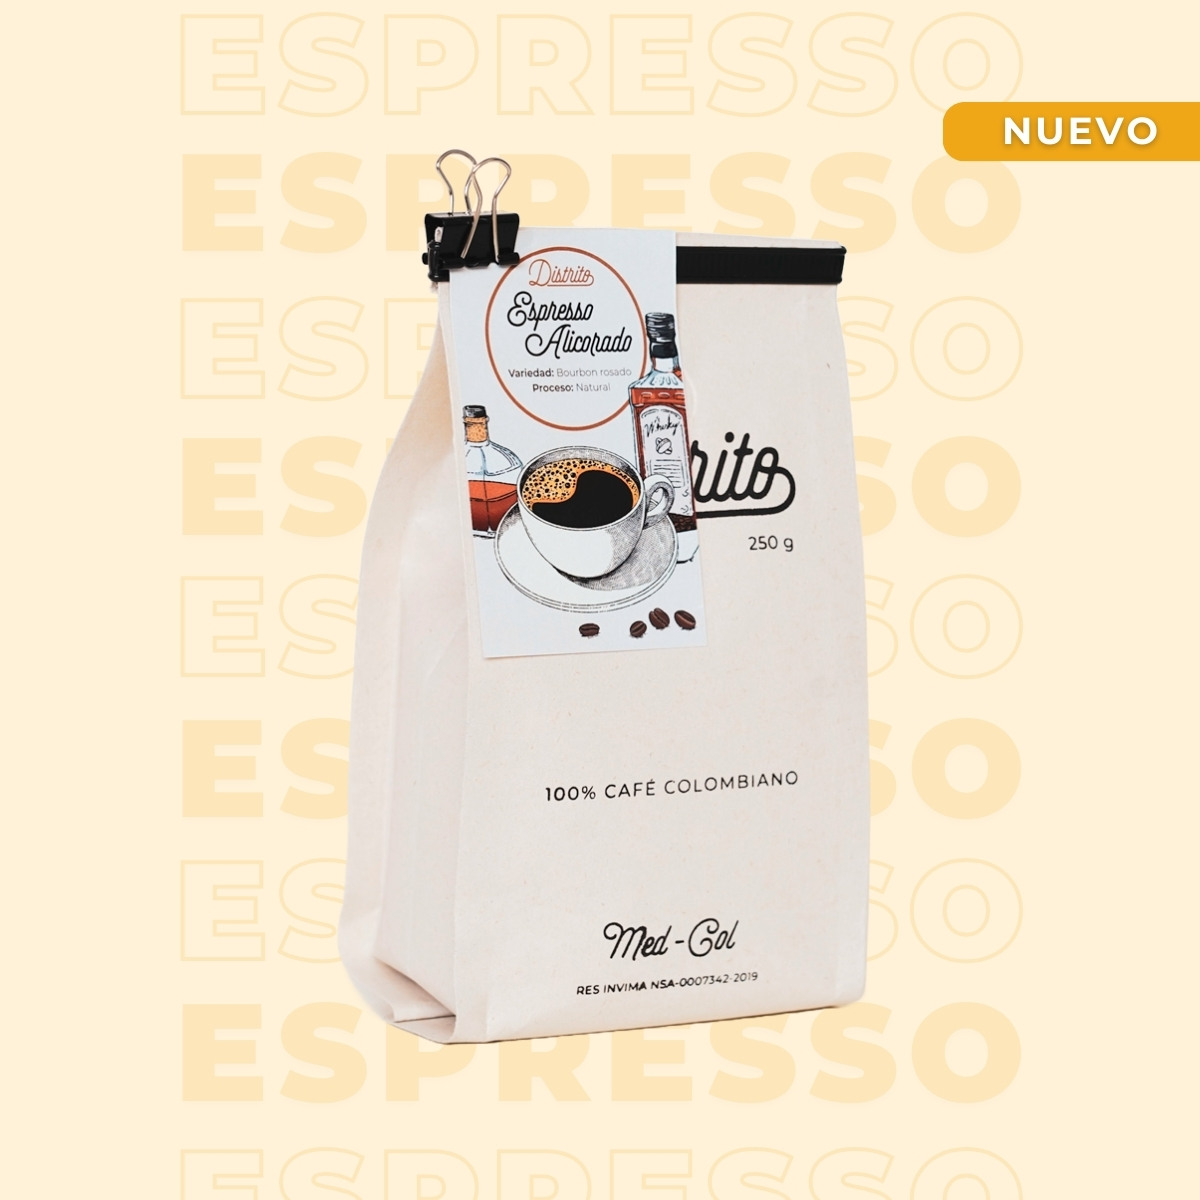 ESPRESSO ALICORADO - Café Especial - Espresso Alicorado
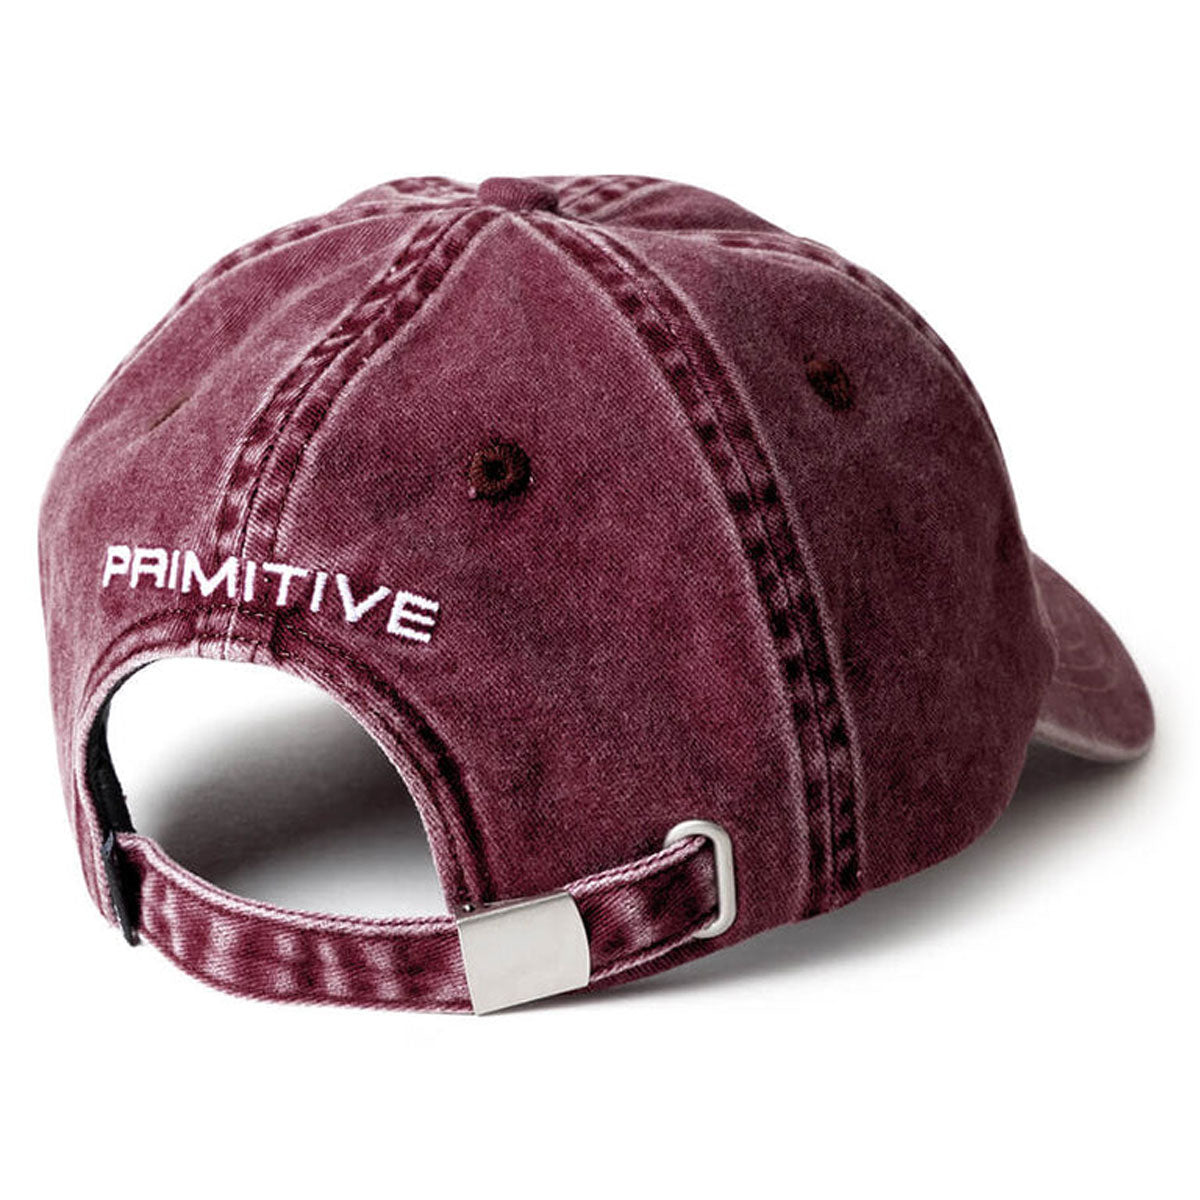 Primitive Rosey Over-dyed Strapback Hat - Burgundy image 2
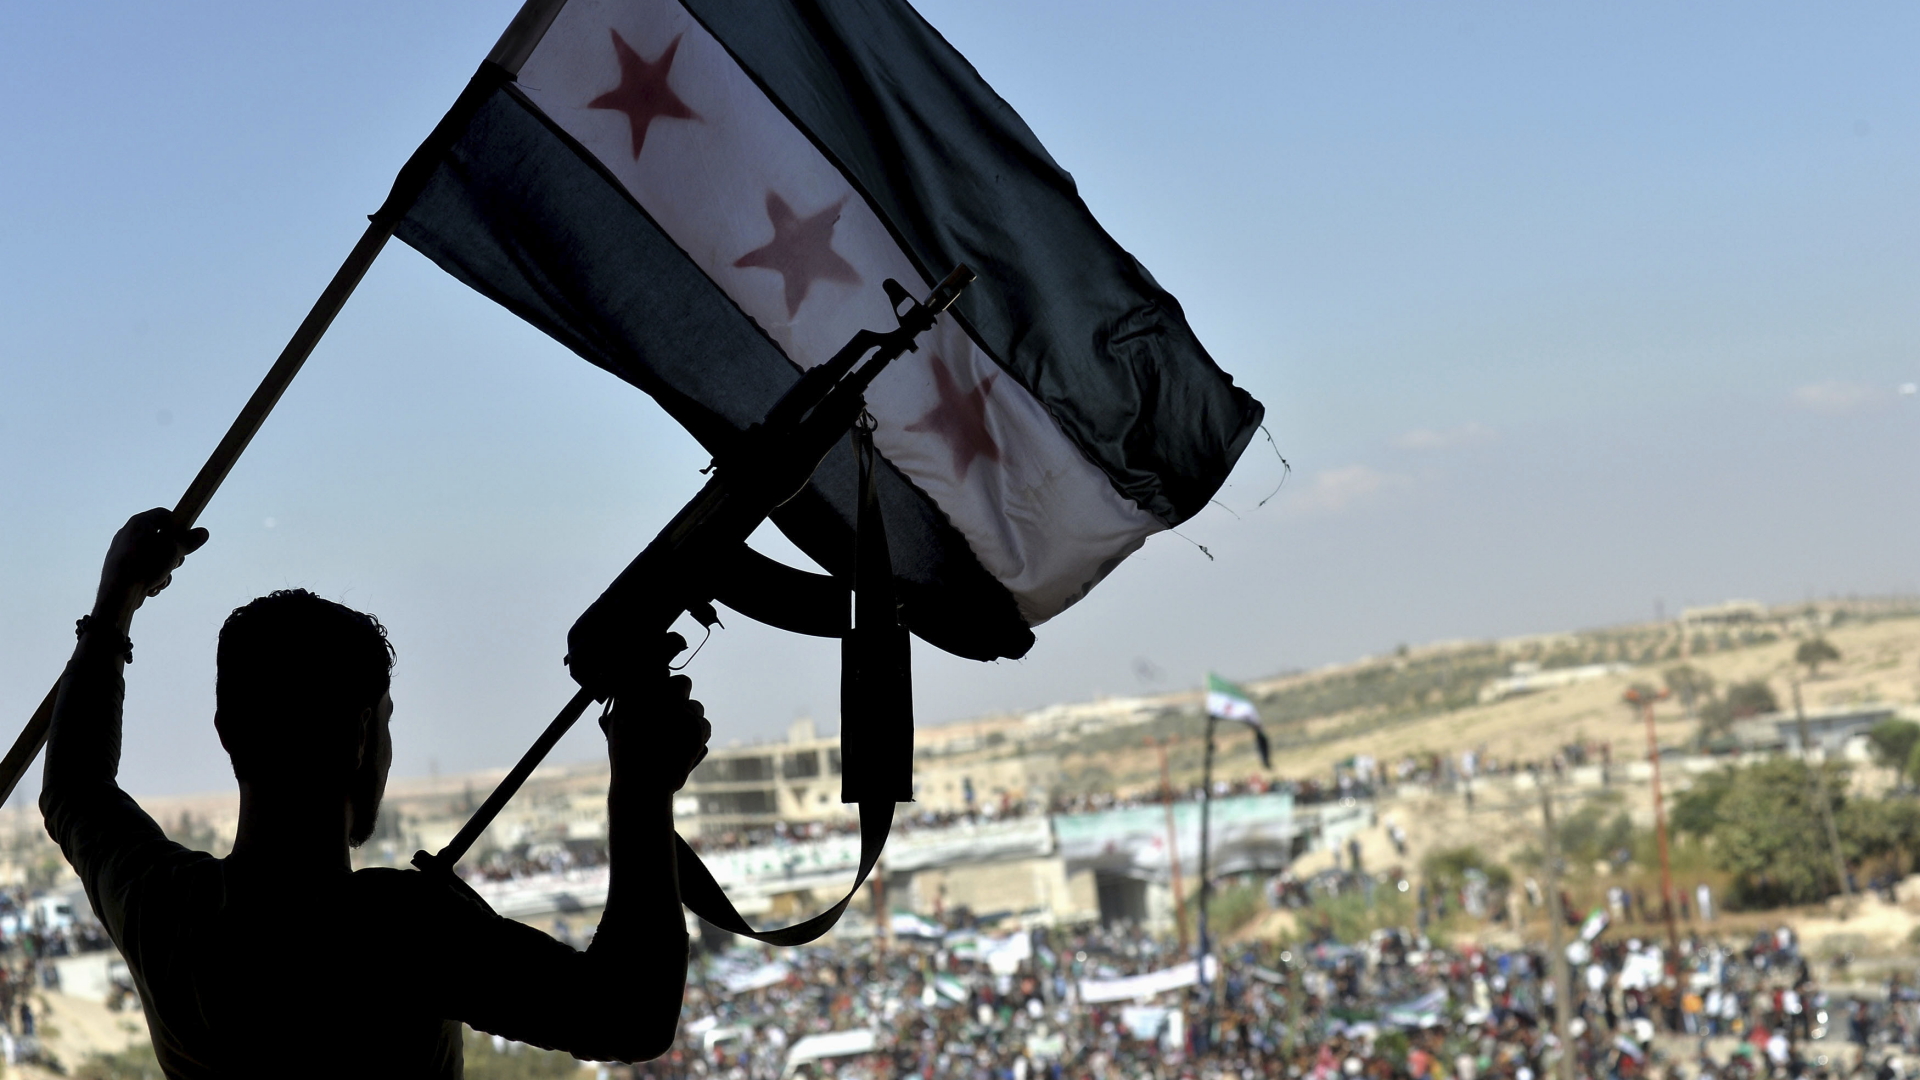 Ein Demonstrant schwenkt eine syrische Fahne und hält ein Gewehr hoch bei einem Protest gegen die Offensive der syrischen Regierung in der Provinz Idlib. | Bildquelle: dpa

******

Copy exactly, please, every line from the one holding "Primitive Rosey Over-dyed" through the last line of the data, both ends included, and no pictures.

#### Exercise output:
 Primitive Rosey Over-dyed Strapback Hat - Burgundy image 2
 Ein Demonstrant schwenkt eine syrische Fahne und hält ein Gewehr hoch bei einem Protest gegen die Offensive der syrischen Regierung in der Provinz Idlib. | Bildquelle: dpa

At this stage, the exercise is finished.